In Oklahoma, we find it best to plant our garlic in the fall, mulch it heavily and let it overwinter in the ground. Tom is usually the one who plants the garlic, but being that I was newly retired at the time, guess who was elected for the chore. I wrote an entry about it.
Here's what the bed in that entry looks like now.
You know the garlic is ready to harvest when the leaves start turning brown and dying, like you see above. And, because I was the one to plant it, guess who gets to harvest it this year!
It has rained quite a bit lately, so I found that harvesting it was easy. I just pulled it up. No shovel or digging was required. I harvested only the garlic in the far end of this bed and here is how much I got.
It was pretty muddy and dirty, so I took the hose and cleaned it up.
I really like the sprayer nozzle that you see in this picture. The red thing can be pushed forward to shut the water off and the end of the nozzle turns to create a variety of spray patterns, such as shower, soaker, jet, stream, etc.
Some of the garlic had seed heads, like this.
If left alone, the "ball" on the end would break open and create a flower from which seed would form. These are called "scapes" and we cut them off so that the plant will concentrate its energy into forming the root portion and not on making seed.
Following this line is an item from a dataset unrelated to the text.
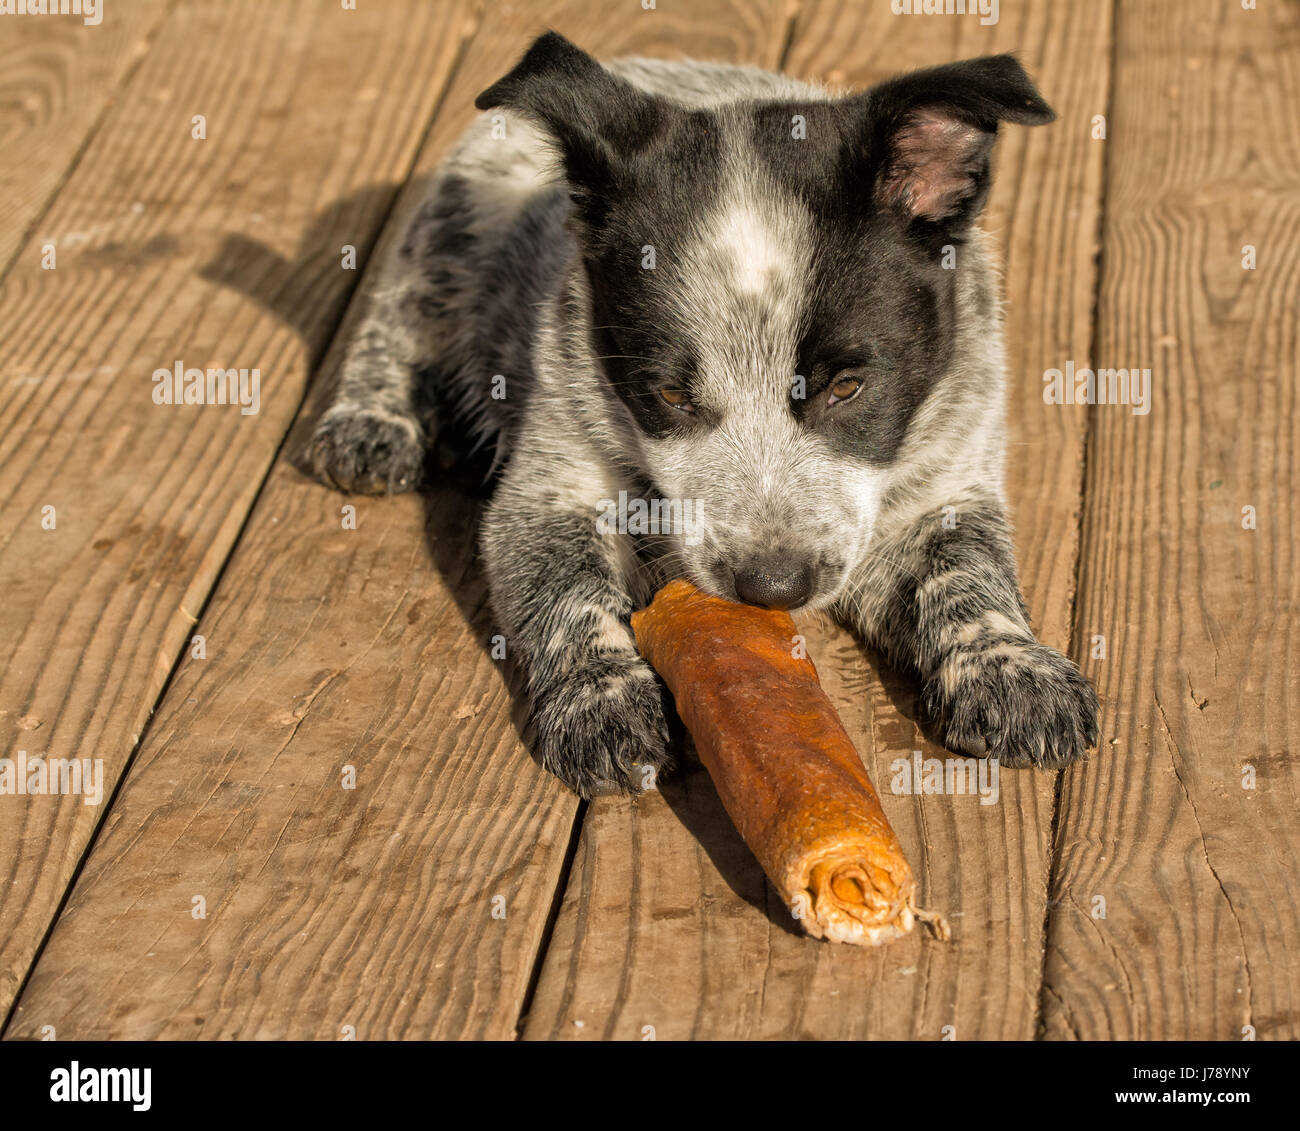 Texas Heeler cucciolo chwing su rawhide stick nel sole al mattino Foto Stock

Garlic scapes have a mild garlic taste and are considered a delicacy in some areas. Only the 3 or 4 inches below the flower bud are eaten. This part of the stalk is fairly tender and can be chopped to be used in stir-fries and other recipes calling for garlic. One person that I know makes a sort of garlic "pesto" out of these.
Here's a closer look at one of the flower buds.
I cut the scapes off and put them in a jar of water on the kitchen counter. They made a rather attractive arrangement.
Now, I just need to get energetic and cook something using them. Oh, yes, and I still have to harvest the rest of that bed. Sigh.